The following example is directly left recursive:
```
expr  :  expr PLUS term
```
and when attempting to process this rule it will fall into an infinite loop.
There are different ways to solve this problem, my solution is below:
```
expr  :  term (PLUS term)*
```
The disadvantage to this is that there is then some processing required after the pattern matching to reach the original desired strucutre or action.
```python
@grammar("term (PLUS term)*")
def expr(self, p):
    rv = p[0]
    for op, term in p[1]:
        rv += term
    
    return rv
```
See [here](https://en.wikipedia.org/wiki/Left_recursion) for more details.
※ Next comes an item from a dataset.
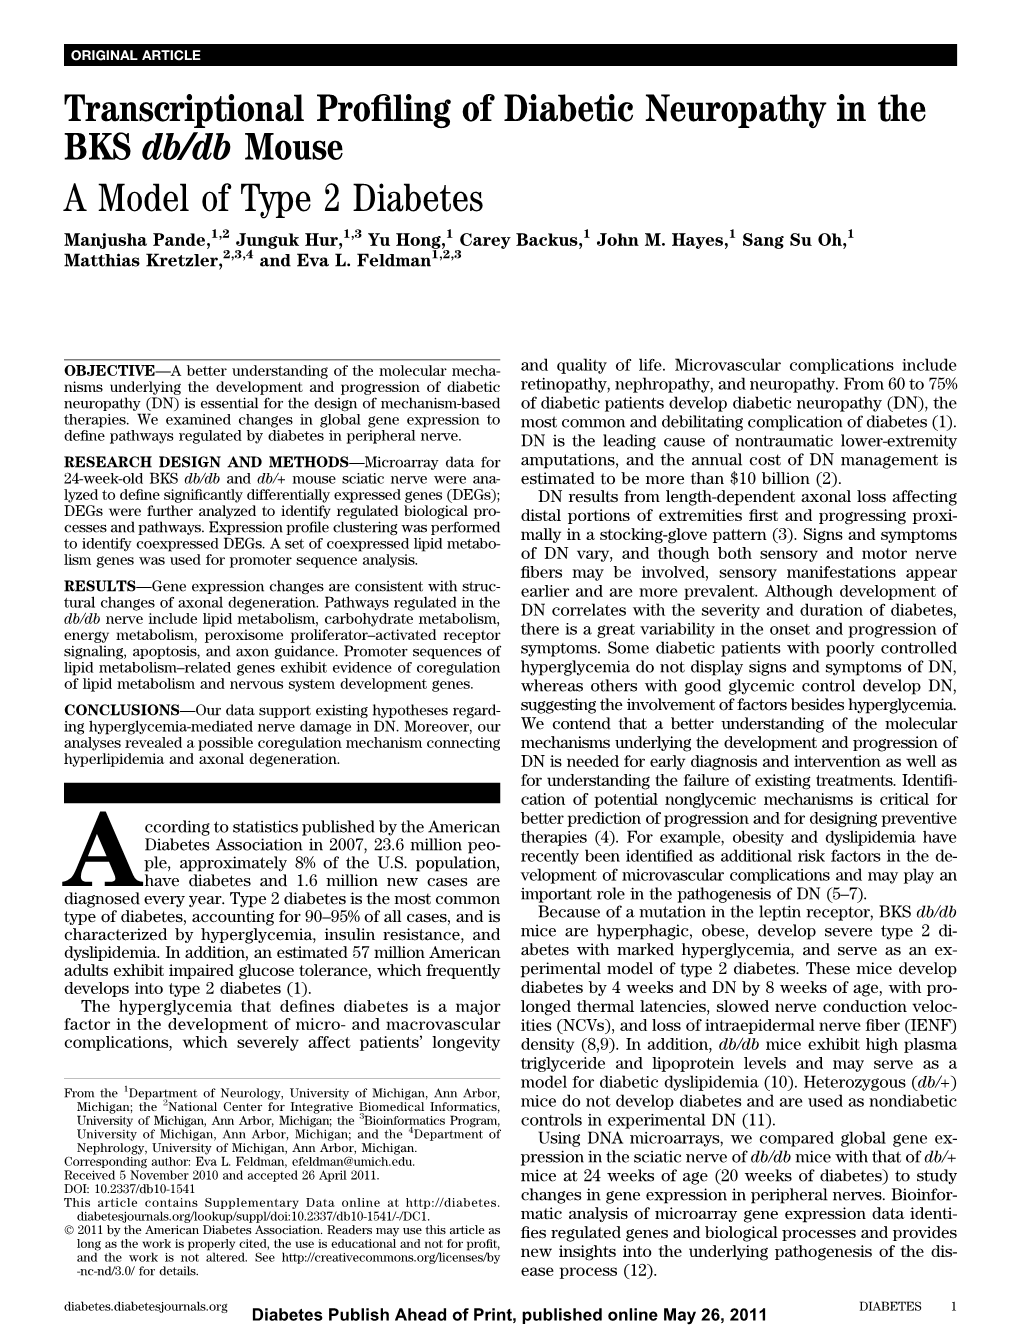 A Model of Type 2 Diabetes
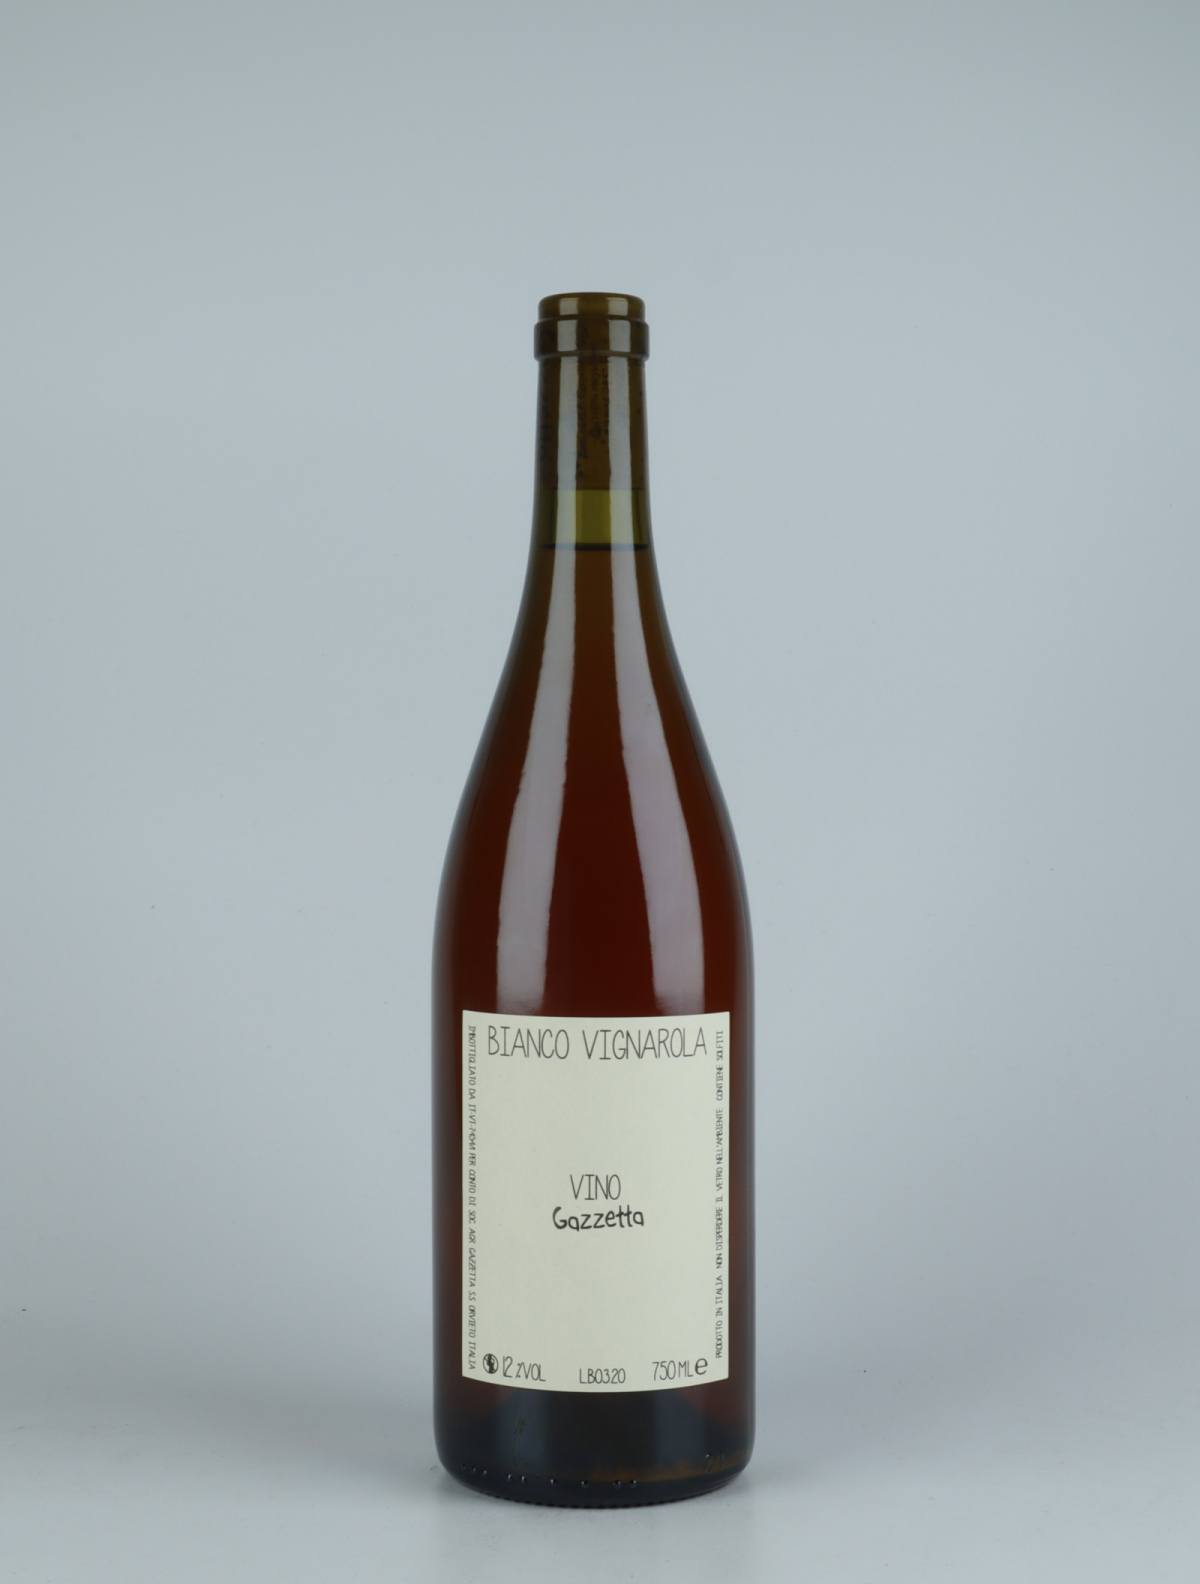 En flaske 2020 Vino Bianco Vignarola Orange vin fra Gazzetta, Lazio i Italien

## Writing expressions for right-associative operators
Some operators are right associative, for example the `**` operator.
Right recursion can be implemented more normally in the grammar expression:
```
expr  :  term (POW expr)?
```
This behaves as expected, after pattern matching you do have to perform a check in your code as seen next:
```python
@grammar("term (POW expr)?")
def expr(self, p):
    if p[1]:
        return p[0] ** p[1][1]
    return p[0]
```

# Printing the grammar for your parser
It is sometimes helpful to see the entire grammar for you parser. This can be done as shown below:
```python
from parsergen import get_grammar
print(get_grammar(CalcParser))
```


See `example_calc.py` and `example.py` for more examples, or look at the source code.